When George Washington and the rest of our great early statesmen urged America to stay out of entanglements in Europe, they were thinking of the Old World’s endless ethnic and sectarian conflicts, the product of centuries of military force and migration mixing populations of conquerors and conquered, with one era’s losers rising again to claim revenge — and reclaim land — in a seemingly unbreakable cycle.

Ukraine, like many NATO members, has a Russian ethnic minority. There are Russian speakers and adherents to the Russian Orthodox faith. There are political collaborators with Putin, too. Will a victorious Ukraine be careful to separate the ethnic Russian sheep from the pro-Putin goats? What responsibility will the US, the armorer and paymaster of Kyiv, be compelled to assume?

These are basic questions. Profound ones lie behind them. Europe, far from taking greater responsibility for its own security, has only increased its dependence on the United States. Now Finland and Sweden want to join NATO. They ask America to shoulder the burden of their defense. The Ukrainians demand the same thing, and there’s no reason they should stop short of demanding NATO membership for themselves.

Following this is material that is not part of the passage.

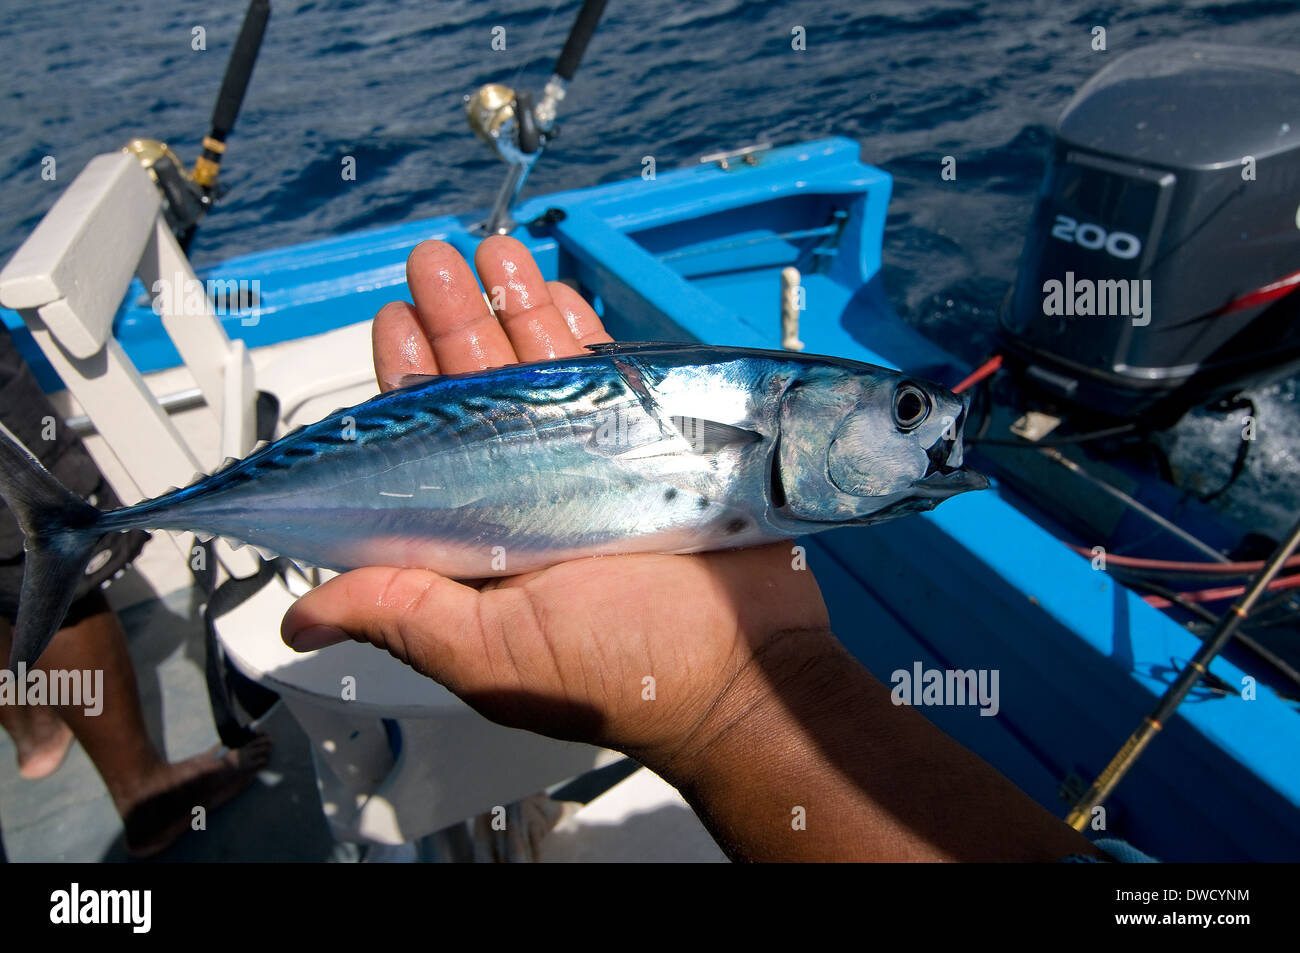 A fresh-caught bonito on a St. Kitts charter boat makes a great

The rationale for America’s support for Ukraine, after all, is that Ukraine is the first domino, and if it falls, the next might be a NATO member. America has the alliance to help us fight wars — the official line is that our allies are vital to our own security — but we have to fight wars to protect the alliance. And as our allies increase, the perimeter we must defend increases, too. Ask not where this stops but whether it ever does.

America is called upon to be the world’s policeman at a time when American policemen aren’t allowed to keep order in our own cities. Our parties believe democracy and constitutional government are fraying at home, yet also believe we can mobilize our people and their taxes to bring order to Ukraine, Russia and the South China Sea. Our republic was designed to serve the American people. Our leaders want the American people to serve the world. Americans themselves have only a limited willingness to do so, and when leaders like George W. Bush surpassed that willingness, the result was the election of a mildly antiwar Democrat, Barack Obama, and then a wildly anti-establishment Republican, Donald Trump.

We tried to take responsibility for the Middle East and failed. Now we’re trying to take responsibility for Europe, Ukraine and by extension Russia. An America that remains a republic will ultimately have to let Europe police Europe and Asia police Asia.